Йоханайн подождал, пока закроется дверь, потом выждал ещё несколько секунд, вслушиваясь в удаляющиеся шаги. Убедившись, что советник отошёл на достаточное расстояние, Грабис схватил кружку с давно остывшим чаем и запустил её в стену. Стекло брызнуло осколками по сторонам, по стене расплылась огромная клякса, тоненькие лучики которой побежали к плинтусу. А ведь ещё недавно он думал, что хуже быть не может.

Эта проклятая страна сосала из него все соки, она требовала его всего, но ничего не давала взамен. На него покушались, при нём устраивались бунты, его автомобиль закидывали бутылками с бензином, но он мог лишь продолжать светить улыбкой и пытаться изменить хоть что-то к лучшему. С каждым днём становилось всё хуже, он уже не отдавал себе отчёта о происходящем в государстве, проблемы возникали поминутно и требовали срочного урегулирования, и постепенно Грабис убеждался в том, что второй срок стал самой главной ошибкой в его жизни. Возможно, если бы так продолжалось ещё некоторое время, он бы отказался, сбросил с себя эту ношу, признал свою слабость.

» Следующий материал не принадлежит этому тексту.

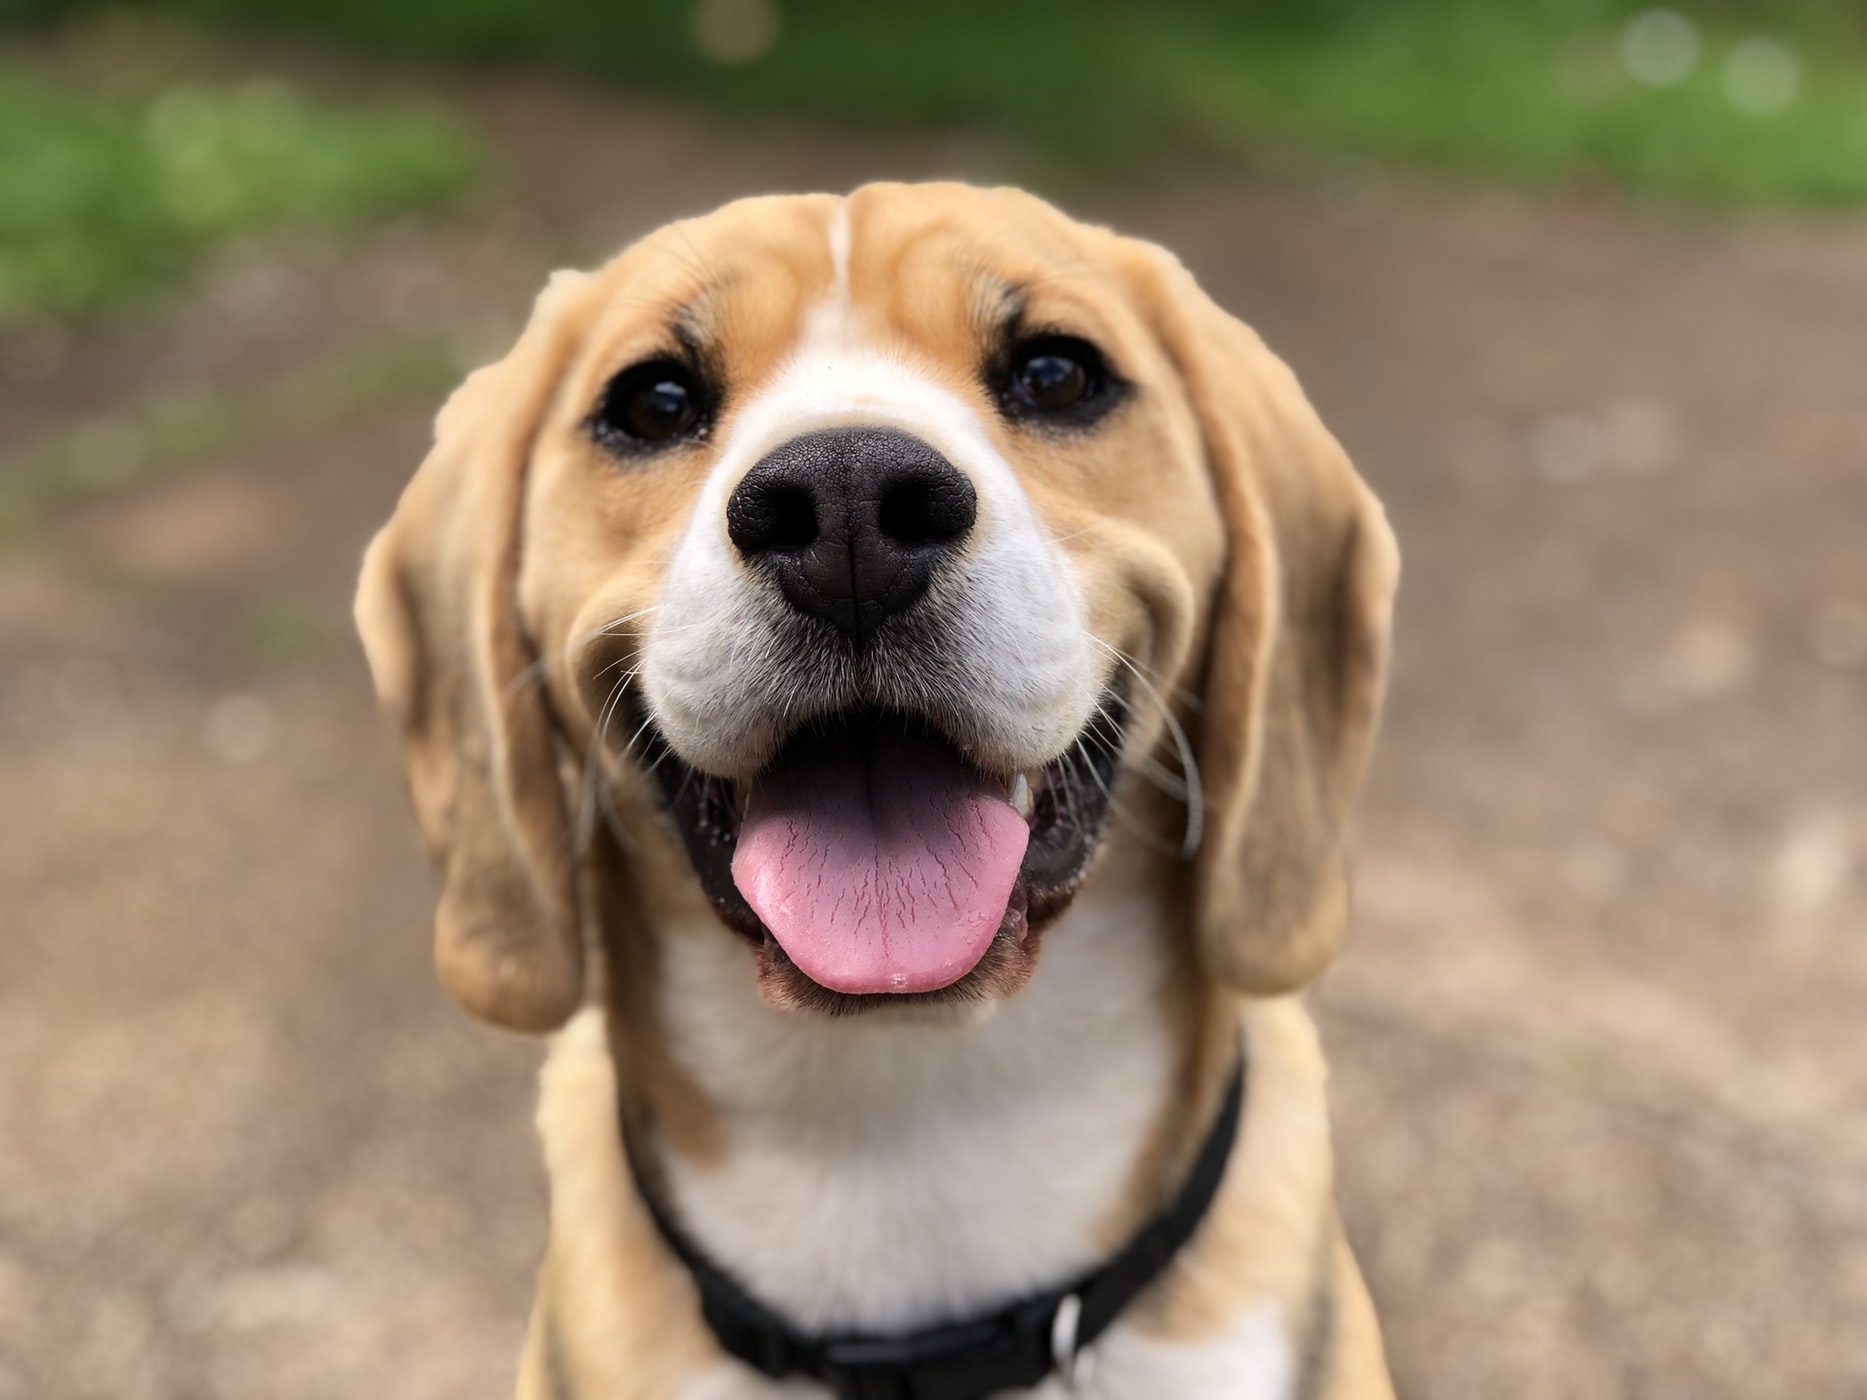 A Beagle sitting on the pavement while smiling

Что он сказал советнику, что не собирается отходить в сторону и наблюдать за снарядами Рансхофена? Что не покинет тонущий на протяжении десятка лет корабль? Бред это всё! Плевать ему на страну! В ней только бремя, от которого он уже жаждет отказаться…

Нужно было уходить. Нужно было убираться, когда только почувствовал, что башня его величия начинает заваливаться. А теперь вдобавок ко всем имеющимся проблемам ему нужно выполнить условия ультиматума, в противном случае останется только задрать голову к небу и ждать избавления. У него был бункер, но в него нельзя было спрятать целую страну, даже несколько городов… при всём своём нежелании Грабис прекрасно понимал, что именно на нём лежит ответственность за полтора миллиона людей. В нём даже брезжил лучик надежды, что удачный исход партии Рансхофена поможет восстановить ему своё лицо. Быть может, это поможет людям простить его былые прегрешения?

Да, так оно и будет… Он станет национальным героем и в торжественной обстановке откажется от Президентского титула и уедет в какое-нибудь отдалённое местечко. На периферии сознания скользнула мысль сбежать прямо сейчас, но чаша весов с полуторамиллионным населением заметно перевешивала.

 

Вот только для начала нужно всего лишь выиграть в игре, о которой он не имел ни малейшего представления.

Переговорное устройство на его столе затрещало, хриплый голос осведомился, готов ли Президент к приёму арестанта. Грабис дал утвердительный ответ, занял полагающееся ему позу. Взгляд его упал на пятно, расплывающееся по стене, всё-таки зря он разбил этот стакан.